Here are a few expenses you can deduct, but you must be able to document them:

  • Fuel
  • Travel
  • Office Supplies
  • Advertising
  • Insurance

Once you get used to using deductions to lower your tax liability, you will begin to see the benefits of being self-employed.

Review Your Business Structure

Are you self-employed? Meaning do you run a small company, like a small business but do not have an employer? If so, do you know what type of business you have?

The type of business you have will affect what deductions you are allowed.

An S-corporation is a corporation (that is a separate and distinct entity for state and federal tax purposes) that elects to include the income or losses of the corporation on the owner’s income tax return.

In essence, the corporation is treated as a pass-through entity; therefore, the income and losses of the business get passed through to the shareholders.

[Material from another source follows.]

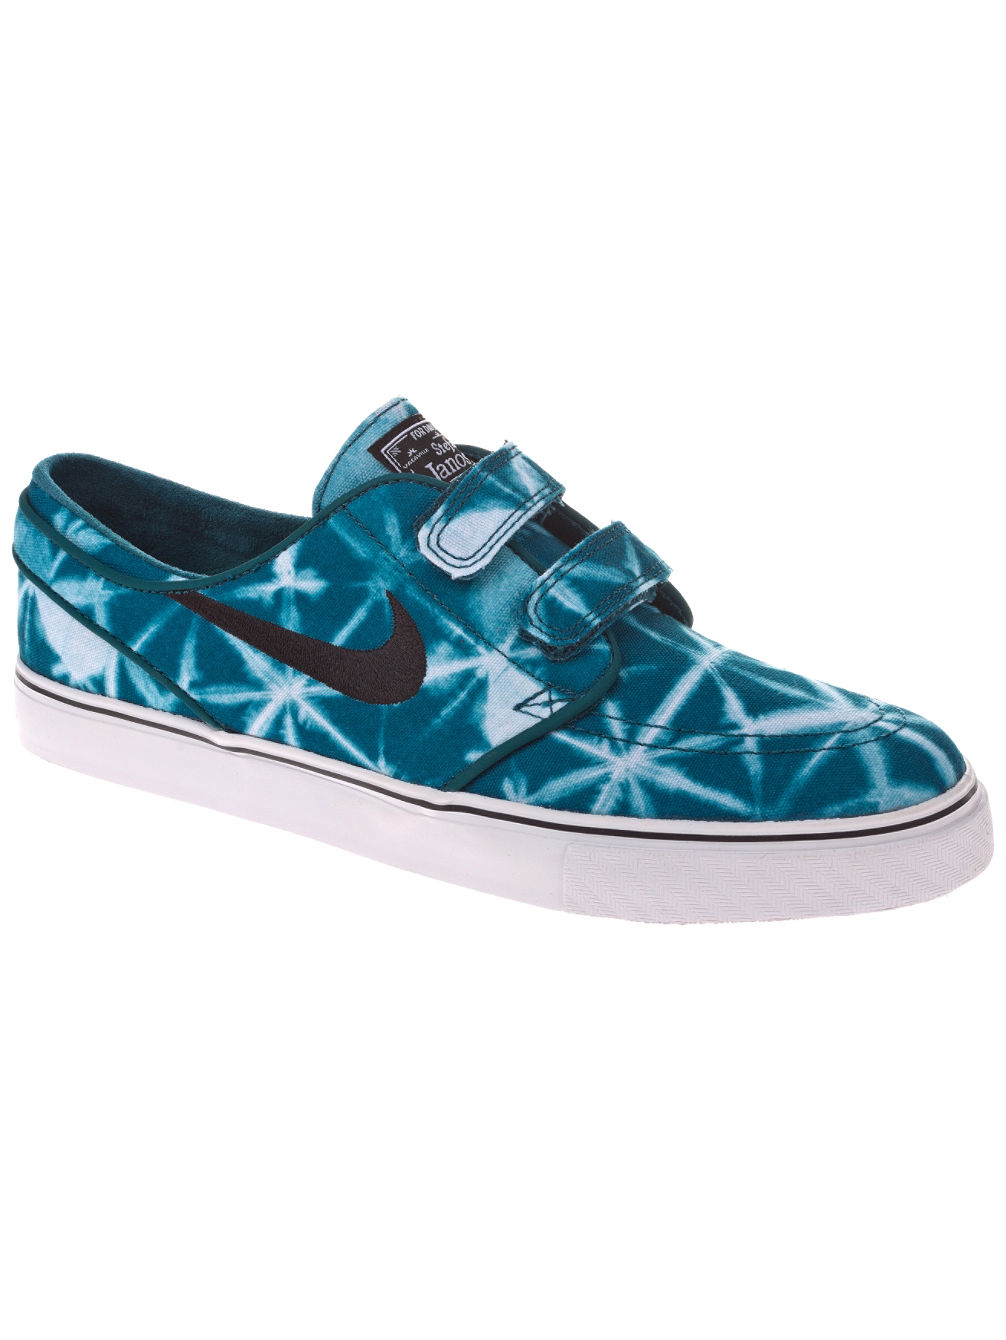 Nike Zoom Stefan Janoski AC Sneakers - nike - blue-tomato.com

Any shareholder with the corporation can take a legitimate self-employment deduction on his or her own tax return (as long as the shareholder materially participates in the business).

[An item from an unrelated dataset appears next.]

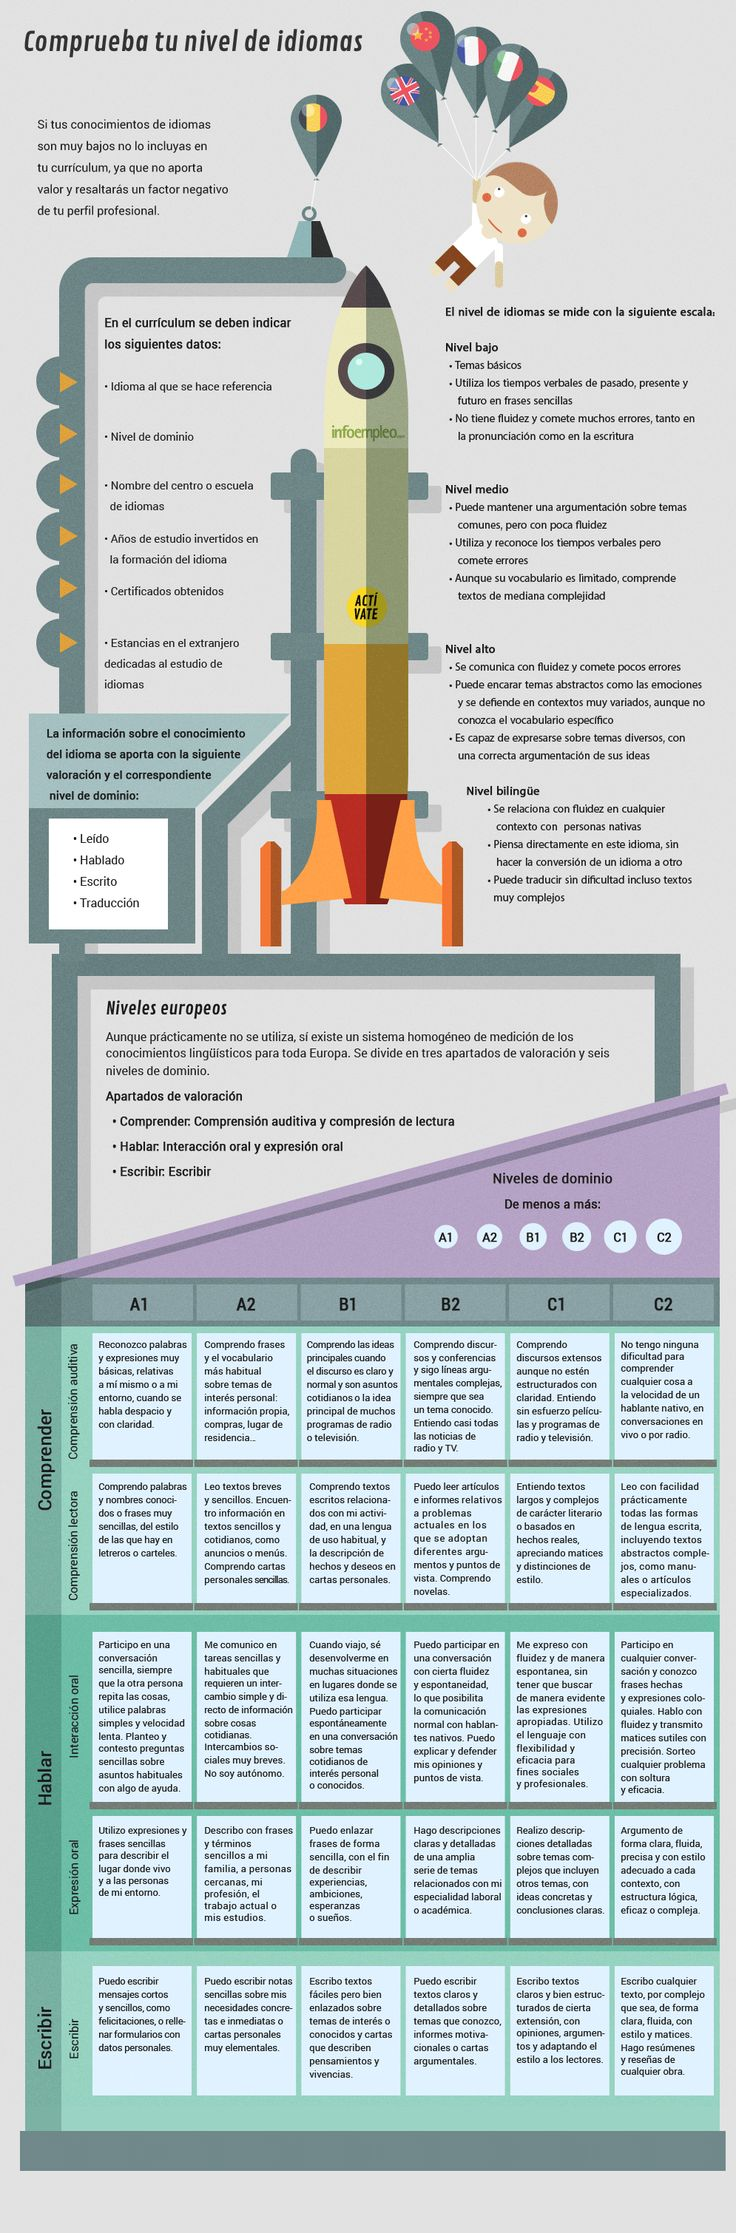 infografia_nivel_de_idiomas_para_tu_curriculum.png (995×3020)

An LLC taxed as a partnership will generally be taxed as a partnership.

Active or passive losses are lost, but passive losses may be carried over to future years.

On the other hand, an LLC taxed as a corporation will be taxed as a separate corporation.

An LLC taxed as a corporation (or Subchapter S subsidiary) will be eligible for the Section 179 expensing election (subject to certain limitations and restrictions), a dividend received deduction, and a foreign tax credit.

Pay Yourself a Regular Salary

If you are in business for yourself, chances are that you’re not self-employed. That means that the paycheck you earn performing services for a specific client (or clients) is likely to be regular income, tax-free because the money was earned performing specific services. No deductions are allowed.

However, if instead of charging by the hour or by the job, you invoice clients a flat amount or a set weekly or monthly fee, you are a contractor and you must pay self-employment tax (the equivalent of social security and Medicare taxes) and income tax on the amount you invoice.

On the plus side, however, the income you receive must be reported and you can now deduct some of your expenses.

The key is to invoice enough money to cover your expenses. In some cases, you may bill a flat amount or charge by the job as well as deducting expenses, so that you net less than the amount on the invoice. But to do this in most cases you must have a contract that specifies what rates or charges you will be paid and that you cannot vary from this amount.

Deductible expenses include expenses that you would charge a client or that are specific to your business. They do not include expenses that you would pay regardless of whether you were working, such as your mortgage payment. Fringe benefits are another category that is not deductible.

Don’t Mess Up on Taxes

How do you feel about taxes?

Do you think taxes are fair? Do you think you pay too much? Do you find yourself dreading the tax season?

If you answered yes to one of these questions, you’re not alone. A lot of people find that they get upset and even angry about taxes.

The truth is, even though you may not like it, you are responsible for paying taxes, and that’s why the April 15th deadline is as meaningful as it is. You have to pay the government what’s due on time in order to avoid bad consequences.

People who don’t pay their taxes in time are subject to penalties and interest, and these can add up quickly.

Ignoring these assessments can also cause your finances to be mishandled and your credit score to be affected. Your taxes are also an indicator of your financial literacy, and whether or not you take them seriously can also affect the way others think of your house finances.

On the positive side, you can use your tax refund to do all kinds of things. You can use it as a downpayment for a new house, you can add it to your savings, you can spend it on something fun like a vacation, or you can even donate it to charity.